Probability Theory 19 | Covariance and Correlation [OLD dark version]
Based on The Bright Side of Mathematics's video on YouTube. If you like this content, support the original creators by watching, liking and subscribing to their content.
Covariance is defined as E[(X − E[X])(Y − E[Y])] and simplifies to E[XY] − E[X]E[Y].
Briefing
Covariance and correlation provide a quantitative way to measure whether two random variables move together—and how strongly that co-movement departs from independence. Covariance is defined using deviations from each variable’s mean: for random variables X and Y, it is the expected value of (X − E[X]) times (Y − E[Y]). Under standard integrability assumptions (finite expectations of X, Y, and also of X² and Y²), this becomes a well-defined real number that can be positive, negative, or zero. Expanding the product yields a compact identity: Cov(X, Y) = E[XY] − E[X]E[Y]. That form makes the relationship to independence immediate: if X and Y are independent, then E[XY] = E[X]E[Y], so covariance equals 0.
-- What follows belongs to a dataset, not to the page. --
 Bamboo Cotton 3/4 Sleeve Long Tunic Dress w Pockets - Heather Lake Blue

The key limitation is that covariance being zero does not guarantee independence. The transcript emphasizes that “uncorrelated” (Cov(X, Y) = 0) is weaker than “independent,” and the converse implication fails in general. Independence is a stronger condition about the joint behavior of events, not just the first-moment interaction captured by E[XY]. The course also notes a special case where the converse can hold: when both variables are normally distributed, covariance can be enough to infer independence.
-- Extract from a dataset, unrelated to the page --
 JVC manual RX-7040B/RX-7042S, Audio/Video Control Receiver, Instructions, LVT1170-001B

Because covariance alone can be misleading when variables have large variances, the discussion introduces normalization via the correlation coefficient. Using the Cauchy–Schwarz inequality, it is shown that the normalized quantity
ρ(X, Y) = Cov(X, Y) / (StdDev(X)·StdDev(Y))
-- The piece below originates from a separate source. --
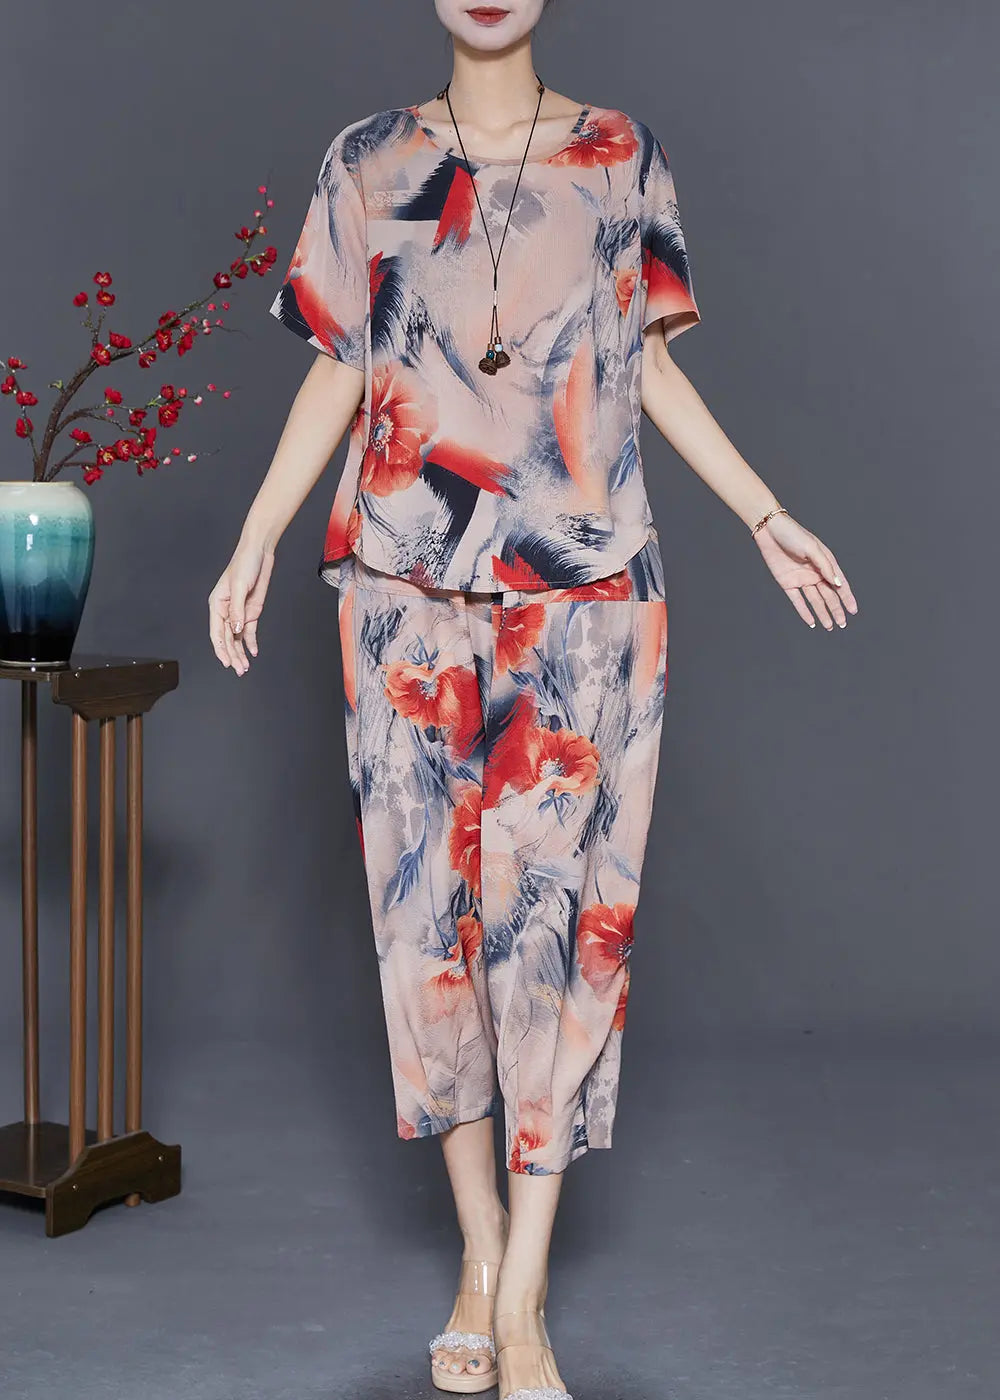 Classy Khaki Oversized Print Linen Two Piece Set Outfits Summer Ada Fashion

always lies between −1 and +1. Values near 0 indicate behavior close to independence, while values near −1 or +1 indicate strong negative or positive linear association, respectively. This normalization is what turns covariance into a scale-free measure of co-movement.
An explicit example demonstrates the gap between uncorrelated and independent. On a three-element sample space Ω = {A, B, C} with a uniform probability measure (each element has probability 1/3), the random variable X is defined by X(A)=1, X(B)=0, X(C)=−1. The random variable Y is chosen so that Y is nonzero only when X is zero: specifically, Y(B)=1 and Y(A)=Y(C)=0. With this construction, the product X·Y is identically zero, so E[XY]=0; also E[X]=0, which forces Cov(X, Y)=0. Yet independence fails: checking the independence condition for events like {X ≤ −1} and {Y ≤ 0} shows the required factorization of probabilities does not hold (the event intersection corresponds to only one outcome on the left, while the right-hand side splits across additional outcomes). The example confirms that zero covariance can coexist with dependence, reinforcing why correlation and independence are related but not identical concepts.
Cornell Notes
Covariance measures how two random variables co-vary around their means. For integrable random variables X and Y, Cov(X, Y) is defined as E[(X − E[X])(Y − E[Y])] and simplifies to E[XY] − E[X]E[Y]. Independence implies zero covariance because independence gives E[XY] = E[X]E[Y], but zero covariance does not imply independence in general (it only does under special conditions like joint normality). To compare co-movement across different scales, covariance is normalized into the correlation coefficient ρ(X, Y) = Cov(X, Y)/(StdDev(X)StdDev(Y), which is guaranteed by Cauchy–Schwarz to lie in [−1, 1].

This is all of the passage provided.